* _TASK INSTRUCTIONS_:
Write out exactly the lines below from the one containing "Portronics Adapto 40" to the last, both ends kept, and nothing more; skip all pictures.

* _EXERCISE DATA_:
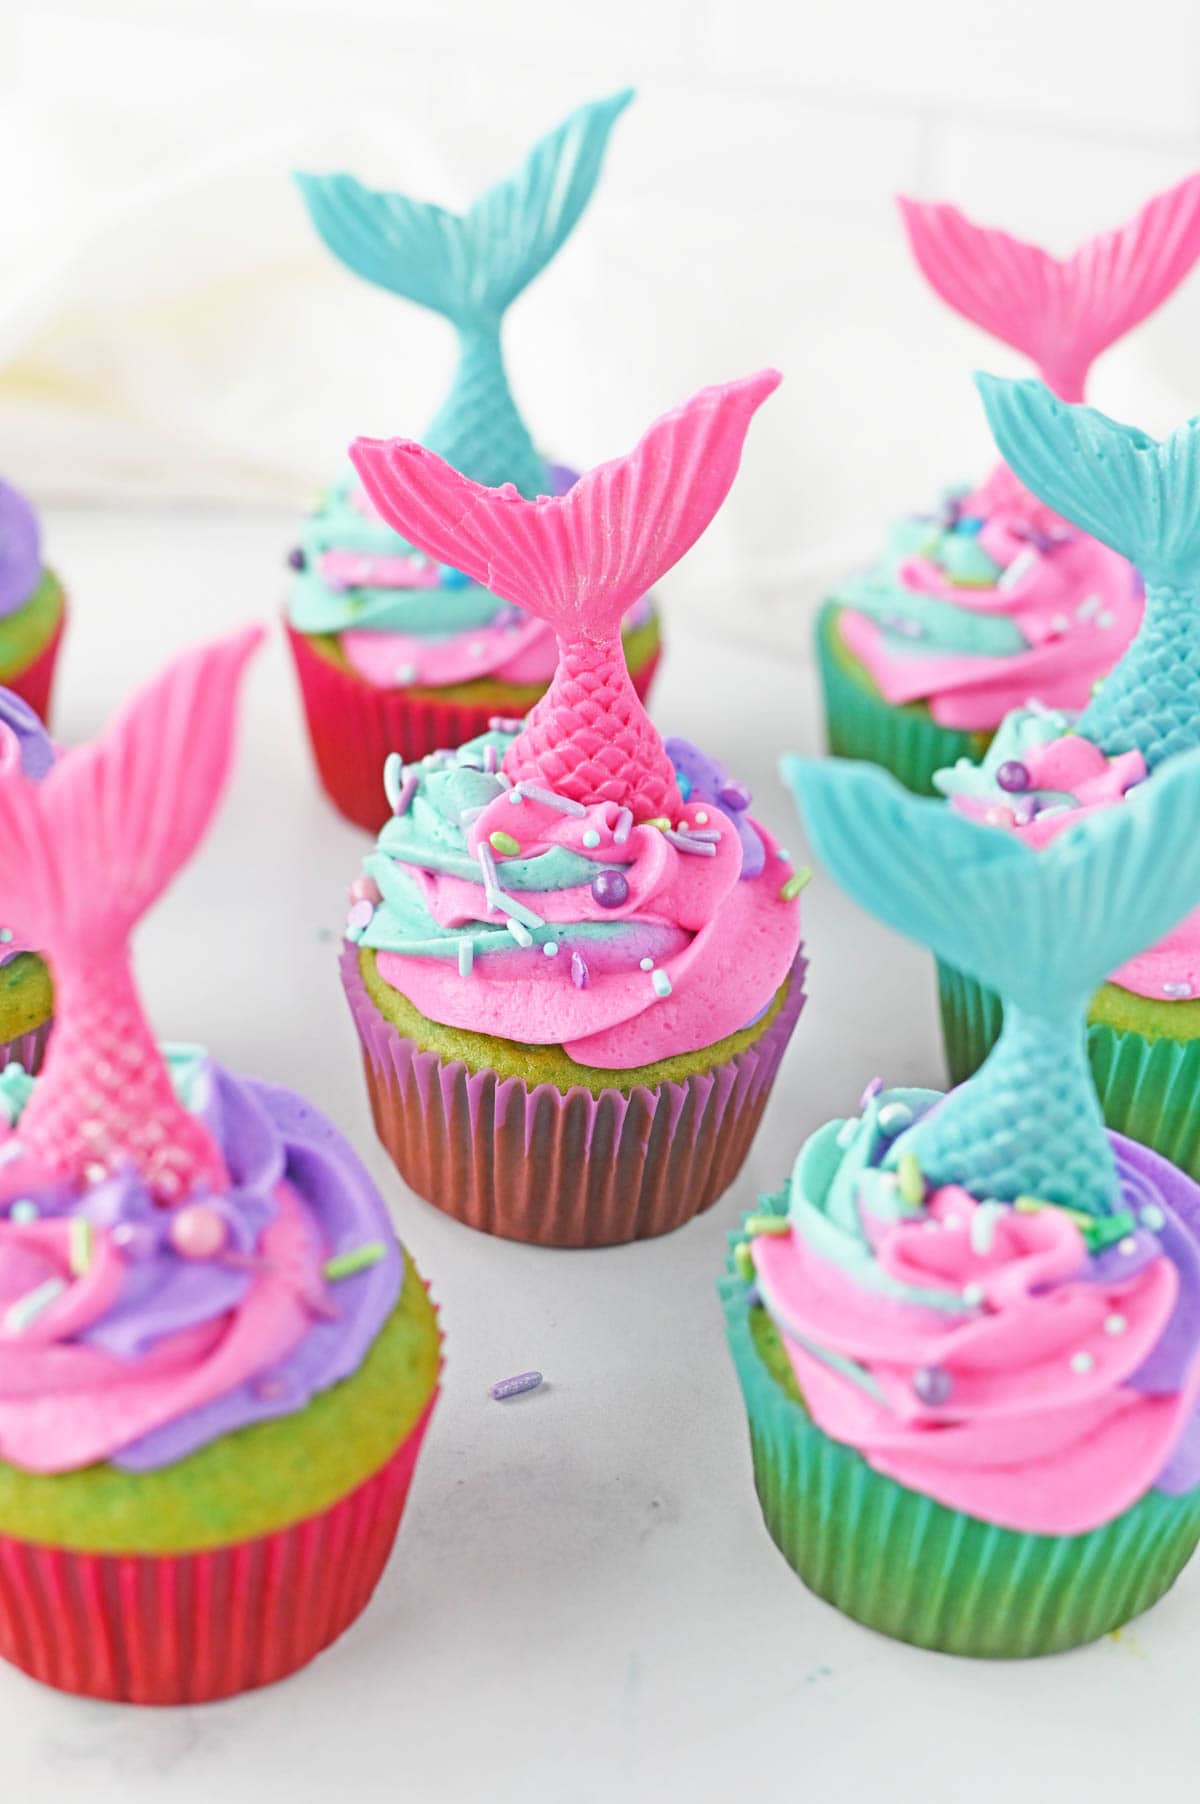 Mermaid cupcakes with pink and blue mermaid tails sticking out of the frosting
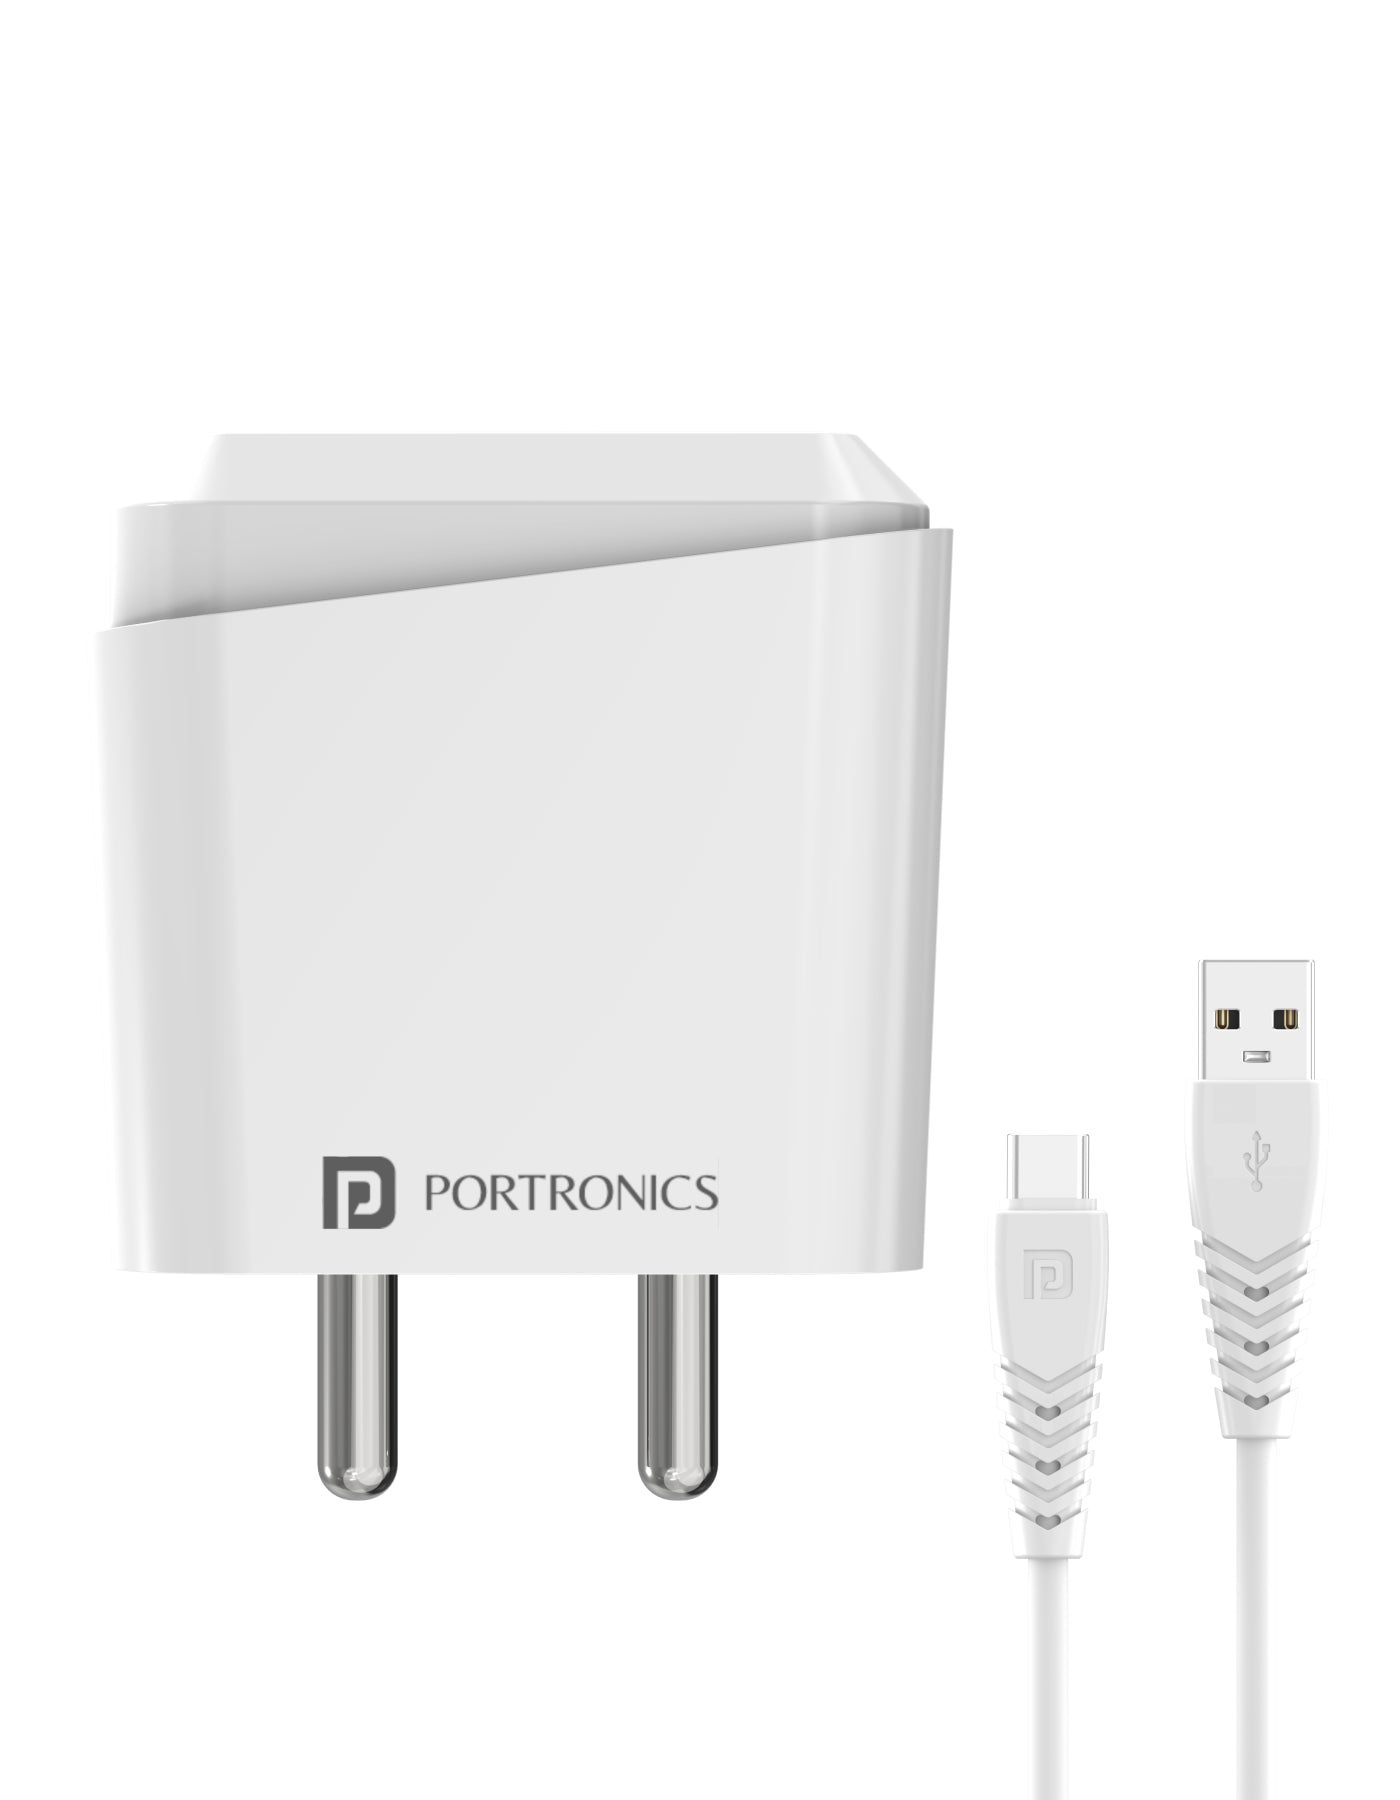 Portronics Adapto 40 M fast charger adapter for iOS and Android and 18W mobile charger 
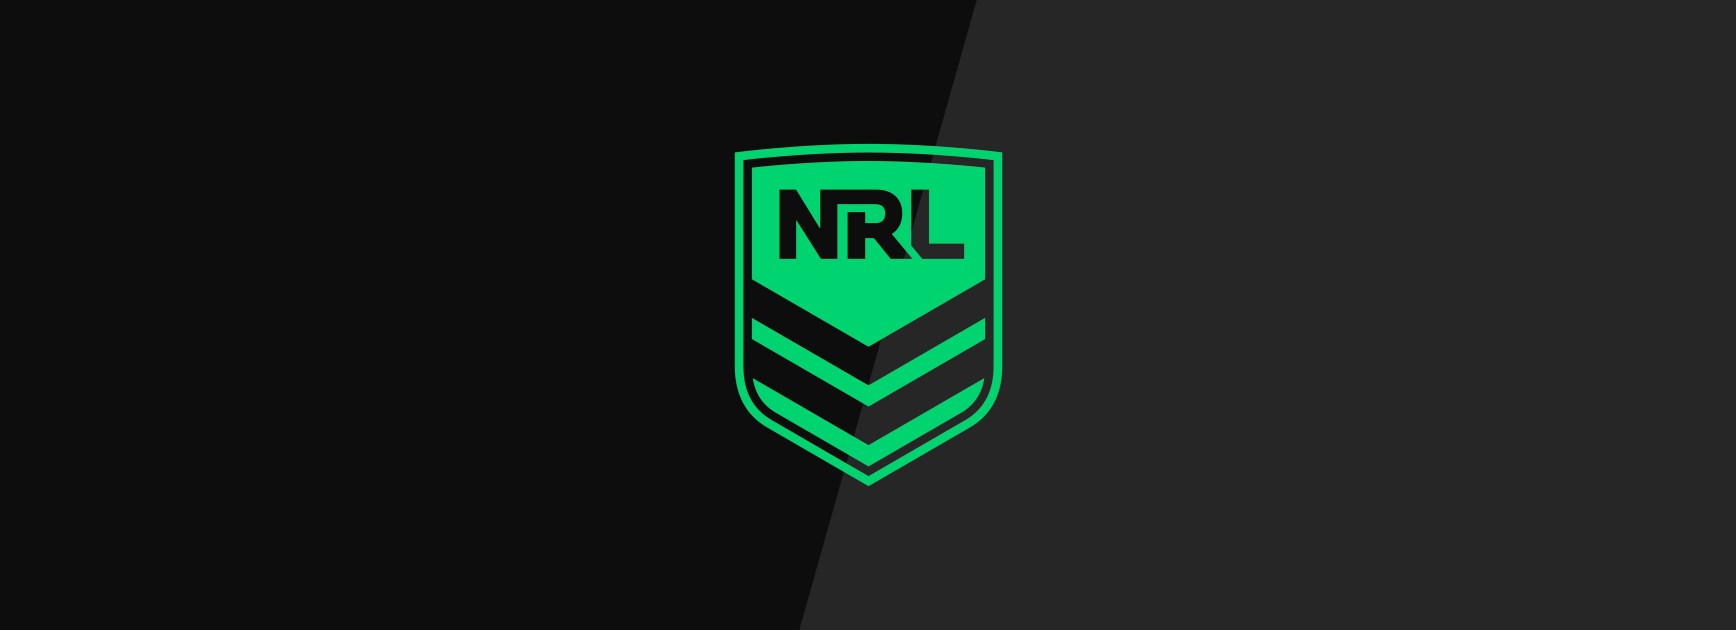 Players ready for NRL return
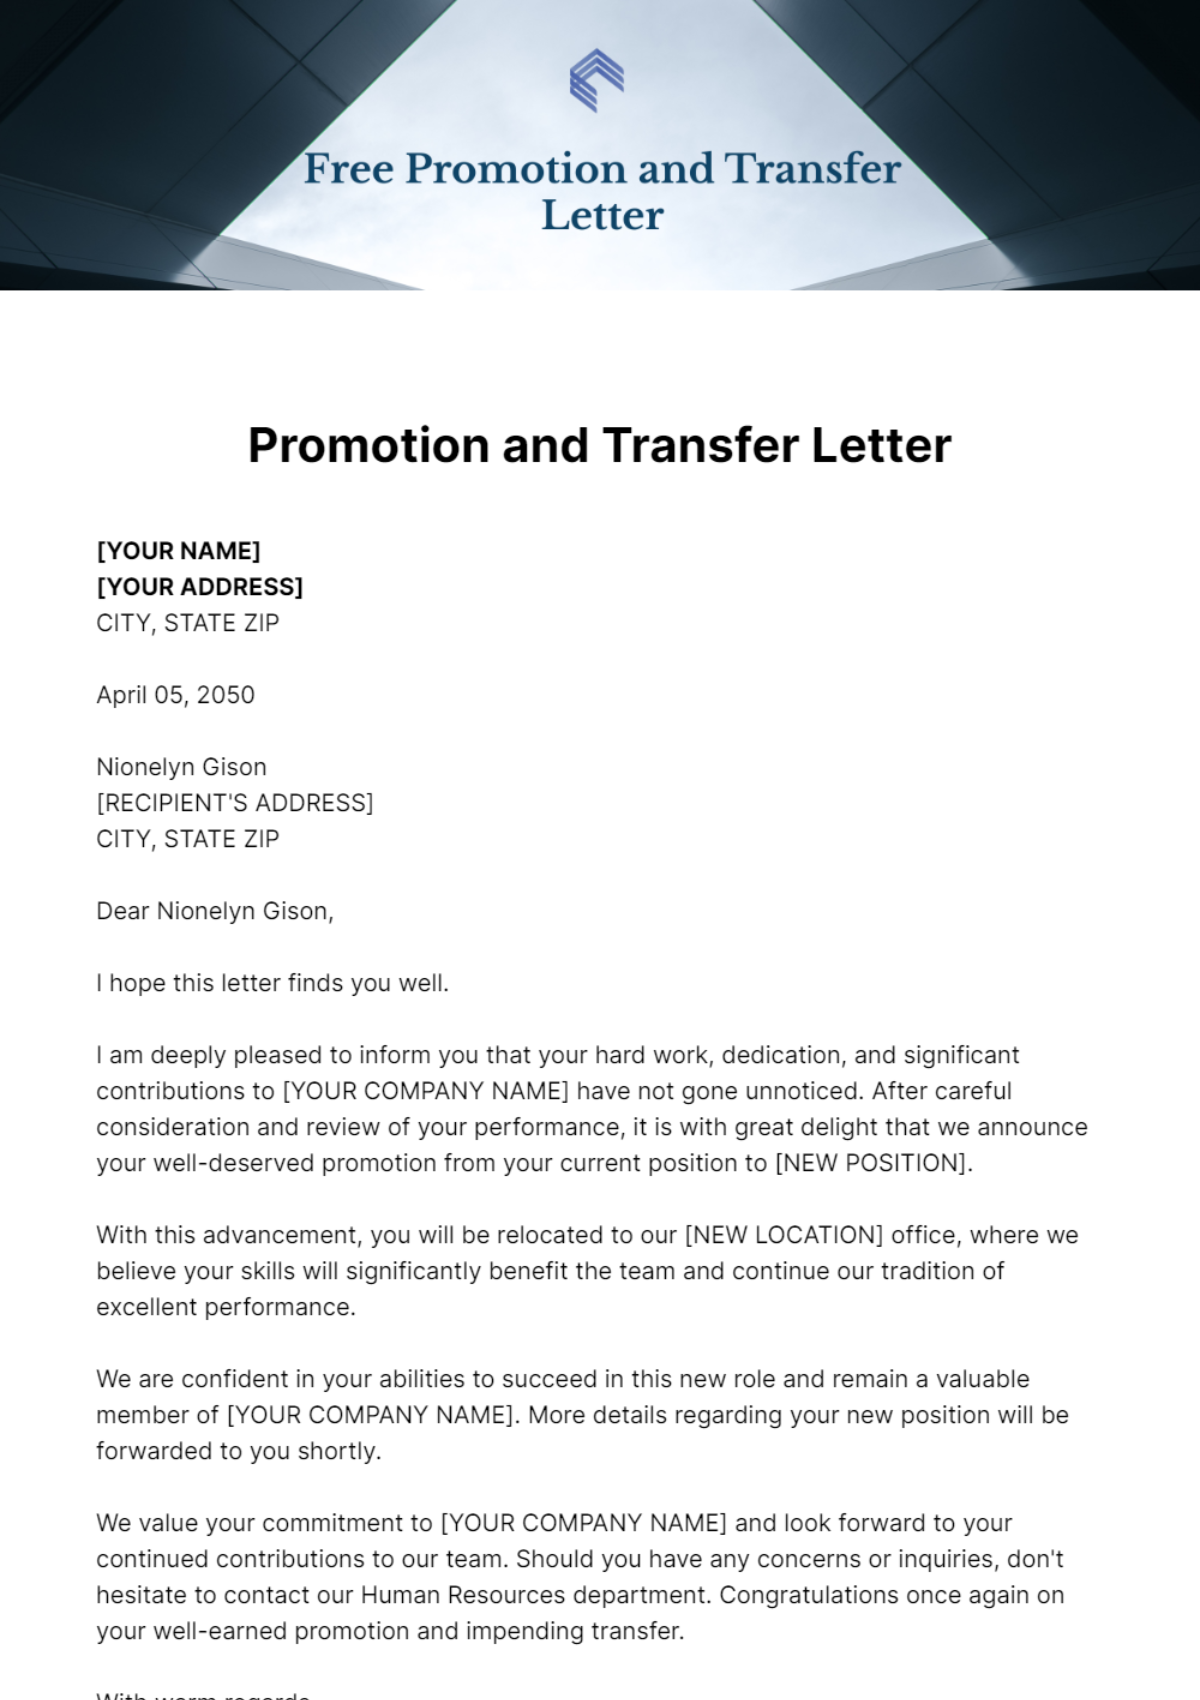 Free Promotion and Transfer Letter Template

* _OUTPUT OF THE TASK_:
 Portronics Adapto 40 M fast charger adapter for iOS and Android and 18W mobile charger 
 Players ready for NRL return
 Free Promotion and Transfer Letter Template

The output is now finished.